In the United States, the FDA Center for Biologics Evaluation and Research (CBER), Office of Cellular, Tissue, and Gene Therapies (OCTGT), Division of Cellular and Gene Therapies (DCGT) recommends reference materials as benchmarking tools for qualifying and validating “in-house” reference standards and assays by comparison with the collective data. It should be noted that it is not the intent of the FDA to standardize assay methods across the field or to require that the values assigned to the rAAV2RSM be duplicated during validation studies. Furthermore, there is no requirement in the United States to follow rAAV2 RSM procedures when assaying particle concentration, genome copy number, or infectious titer. Sponsors of adeno-associated virus-related investigational new drugs (INDs) should consult with the FDA/CBER or appropriate national agency for further guidance. The rAAV2 RSM fulfills many of the requirements of a reference standard material in that it (1) is sufficiently homogeneous and stable with respect to specified properties, (2) is established to be fit for its intended use in measurement, (3) is accompanied by documentation, (4) provides relevant property values that are based on multiple measurements conducted at different locations, and (5) is accompanied with associated measurement uncertainty.

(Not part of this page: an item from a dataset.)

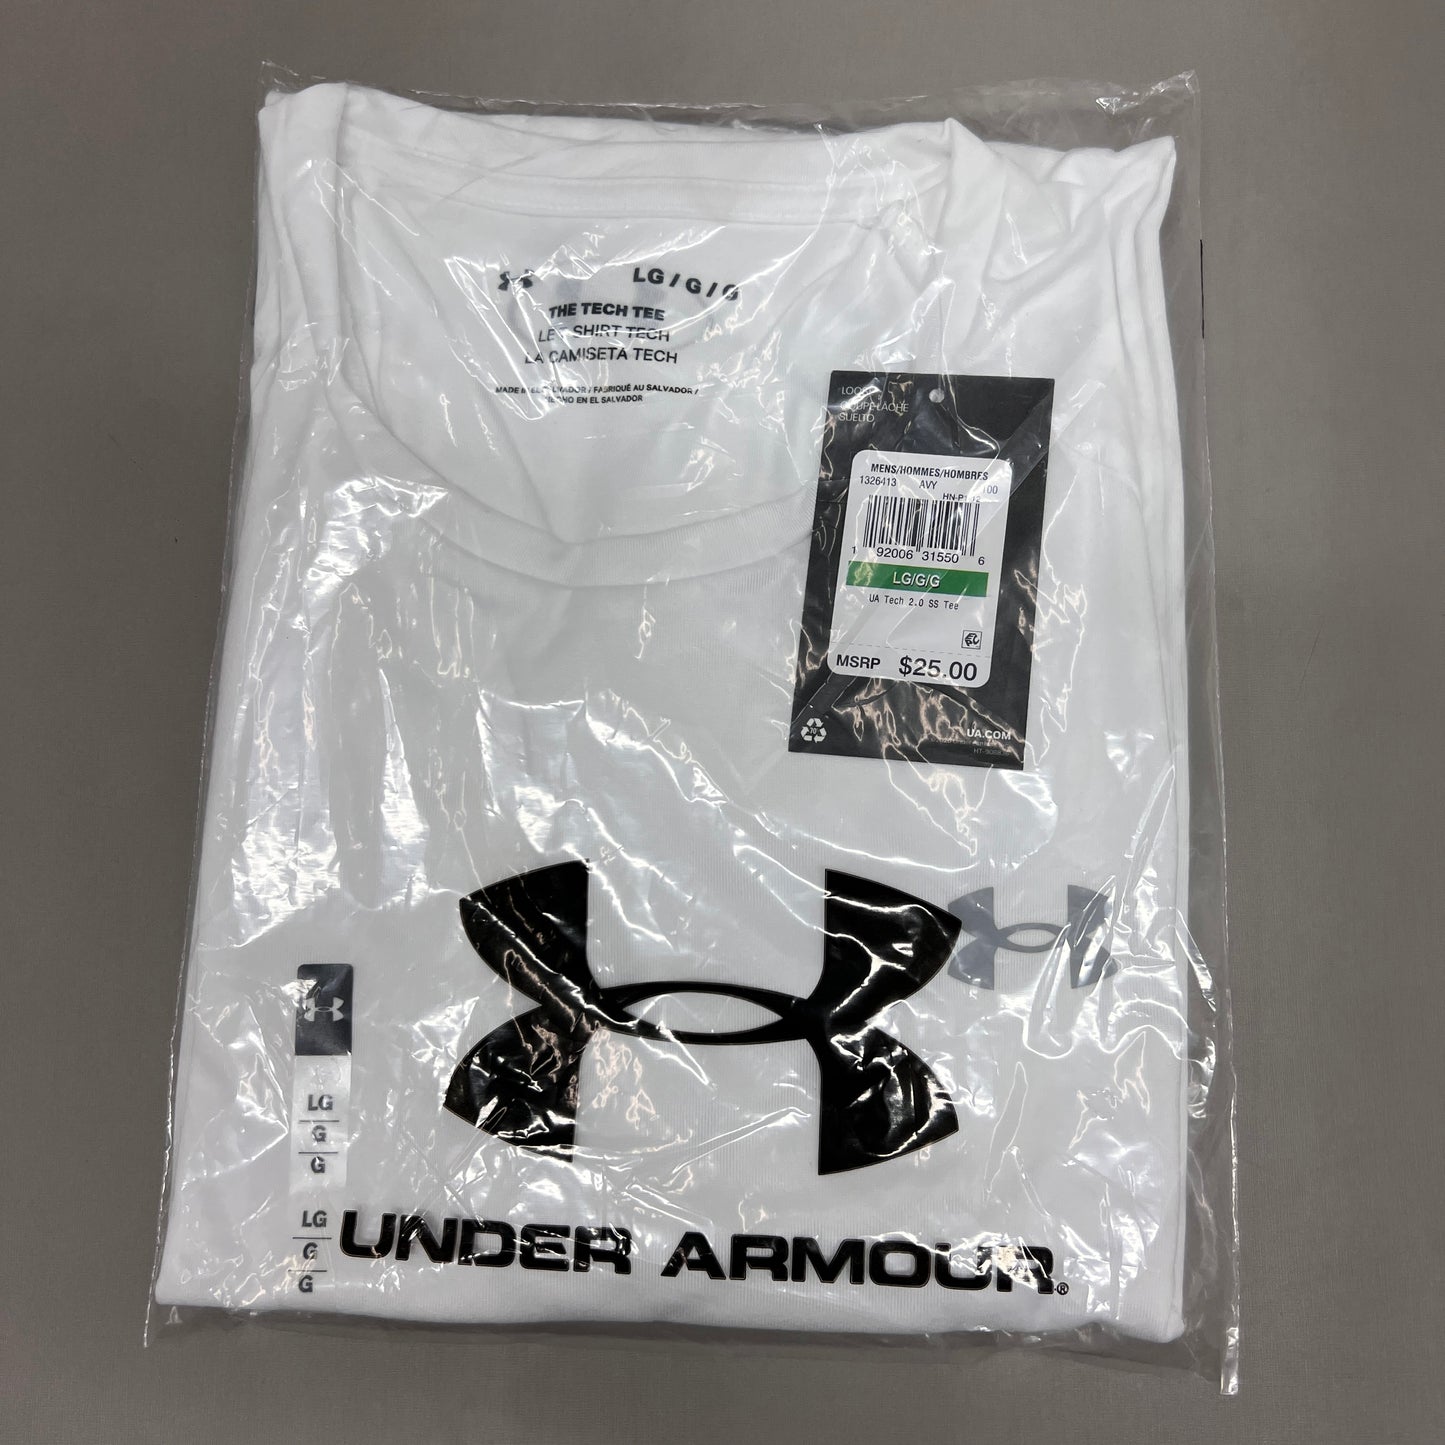 UNDER ARMOUR Tech 2.0 Short Sleeve Tee Men's White / Overcast Gray Sz L 1326413 (New)
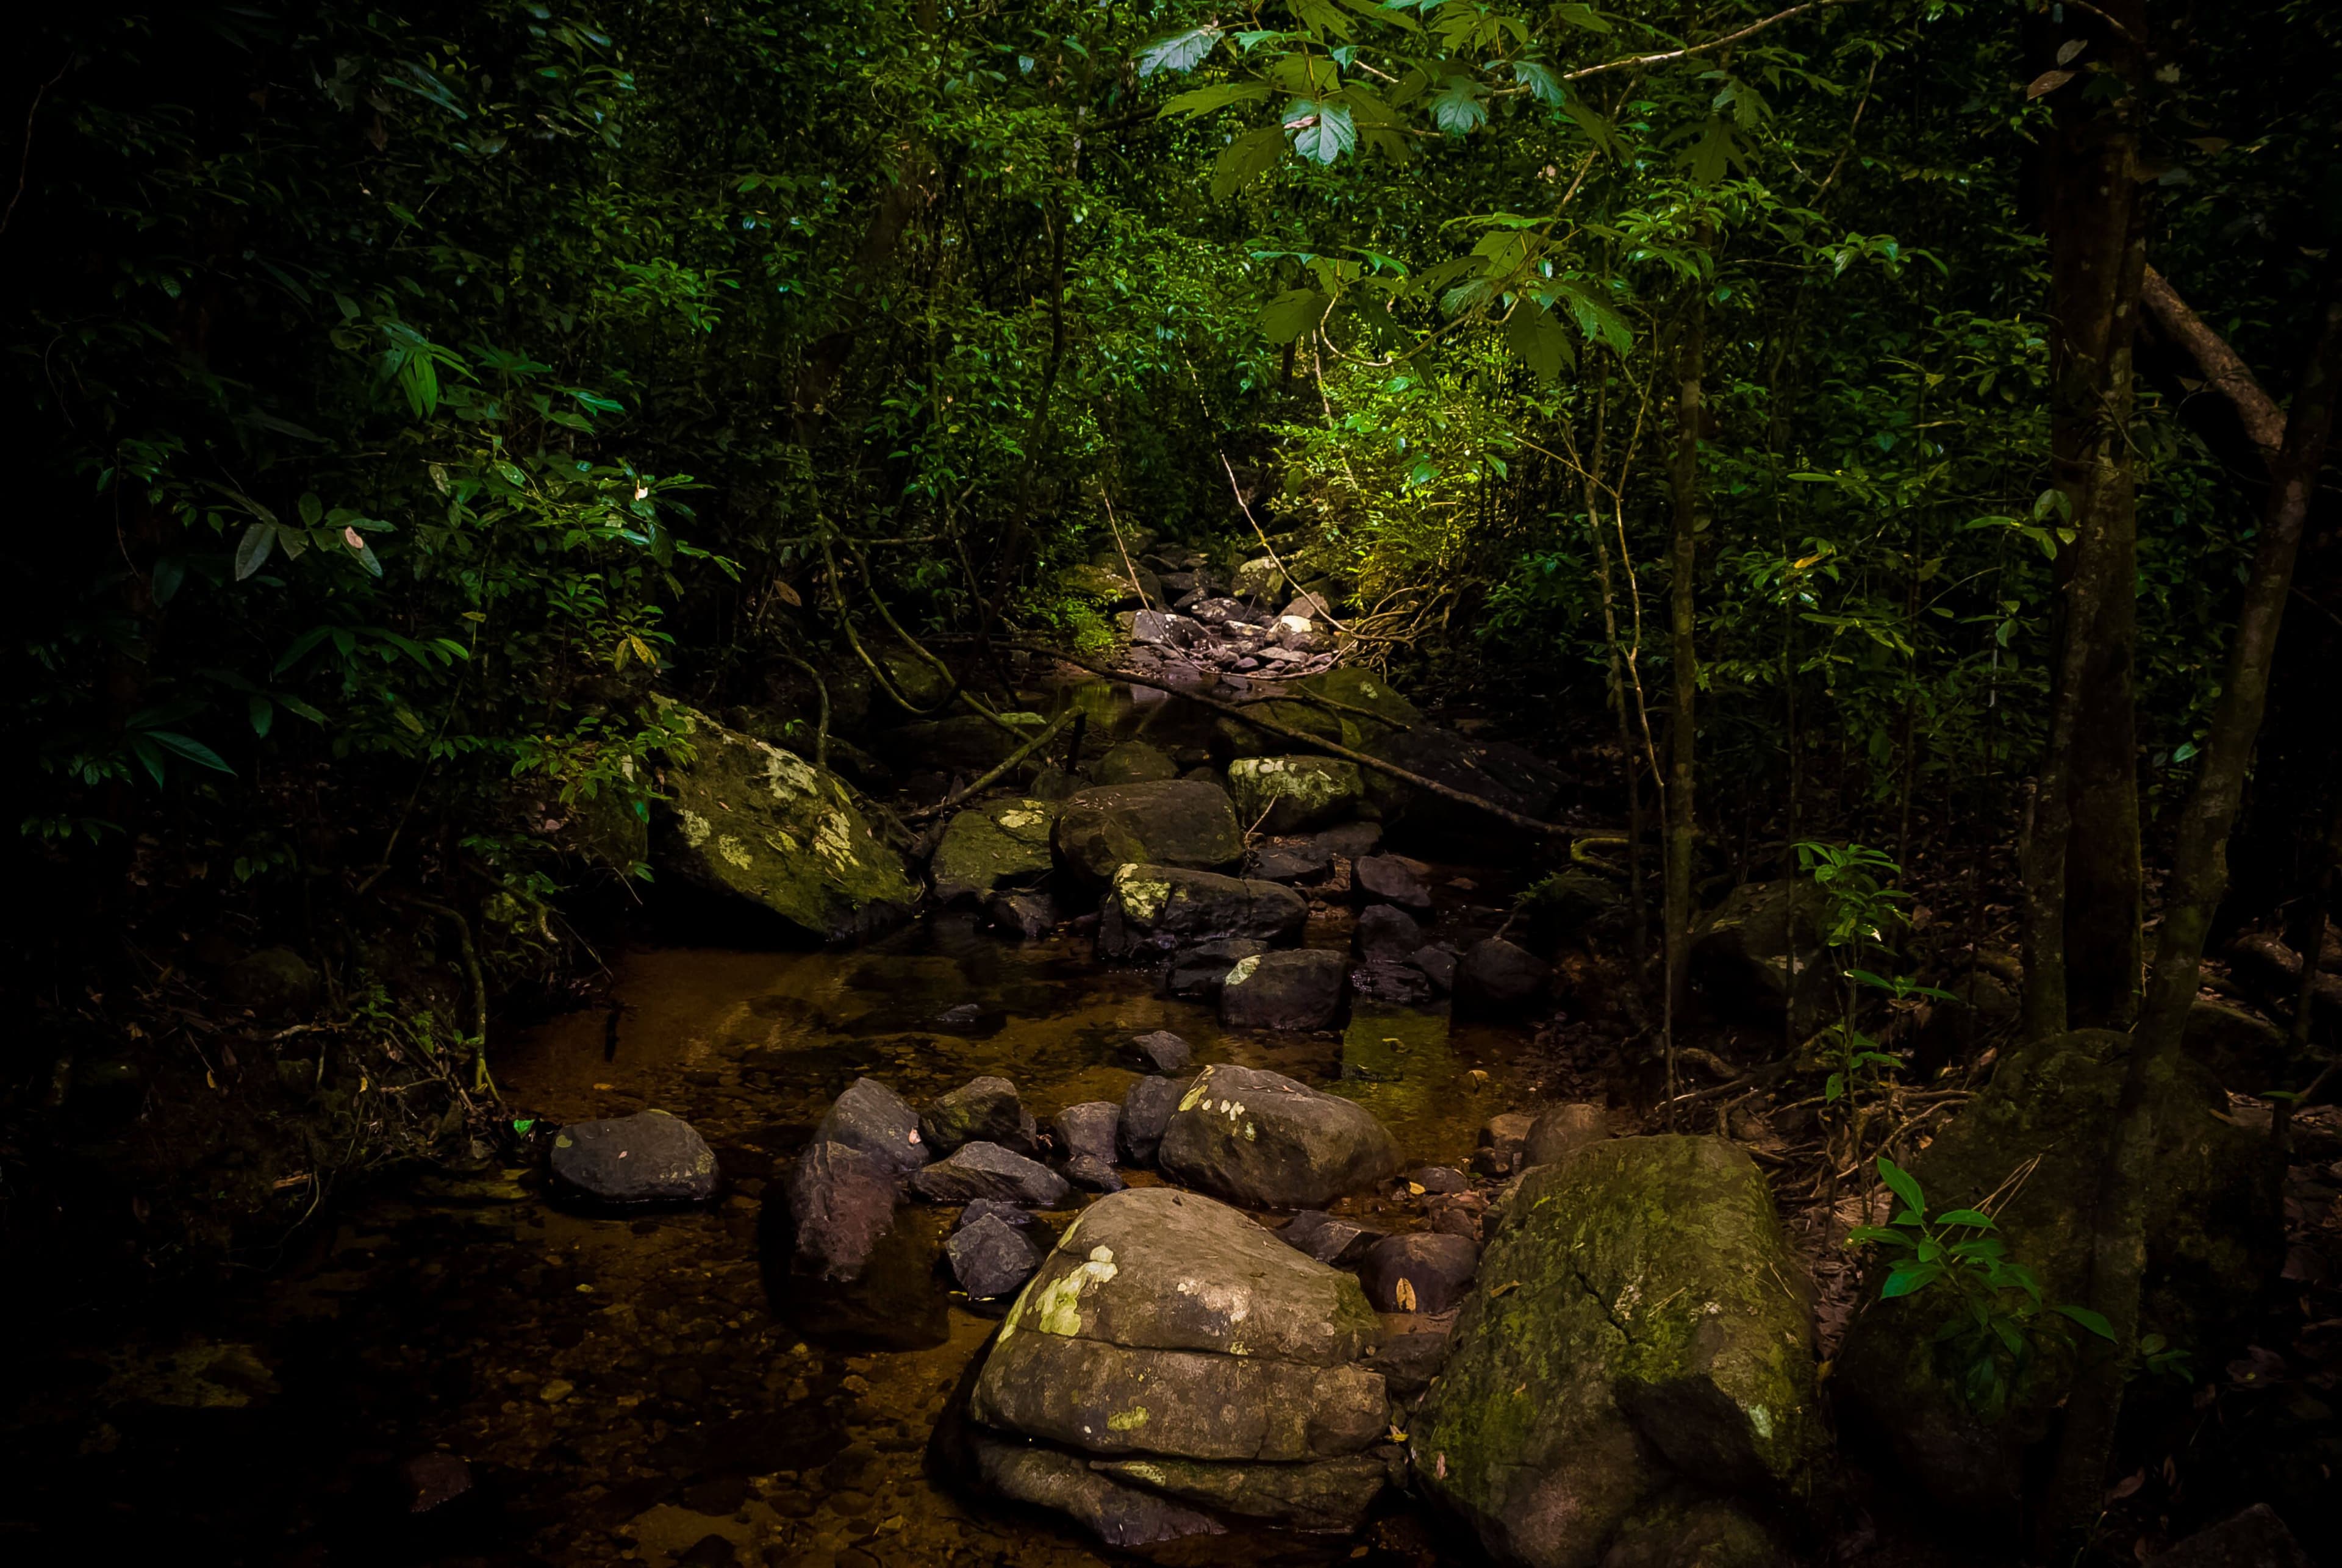 A picturesque scene in Galle Kanneliya forest, Sri Lanka

From the outset, the vision of the AAV2RSWG for the rAAV2 RSM was that it would represent the first step toward standardization of AAV-based gene therapy dosing and provide a blueprint for the development of reference standards for other AAV serotypes. This vision is becoming reality through the successful production and characterization reported here, and with the effort to develop the AAV8 reference standard material underway. The requirement that the reference materials be universally accepted by the AAV community has dictated the need for a voluntary communal effort in the production and characterization phases. Despite the numerous drawbacks, difficulties, and delays inherent in this type of approach, the AAV gene therapy community has responded selflessly and with enthusiasm. It is hoped that the ultimate success of this collaboration will inspire future reference standard efforts and contribute to the development and commercialization of AAV-based gene therapeutics.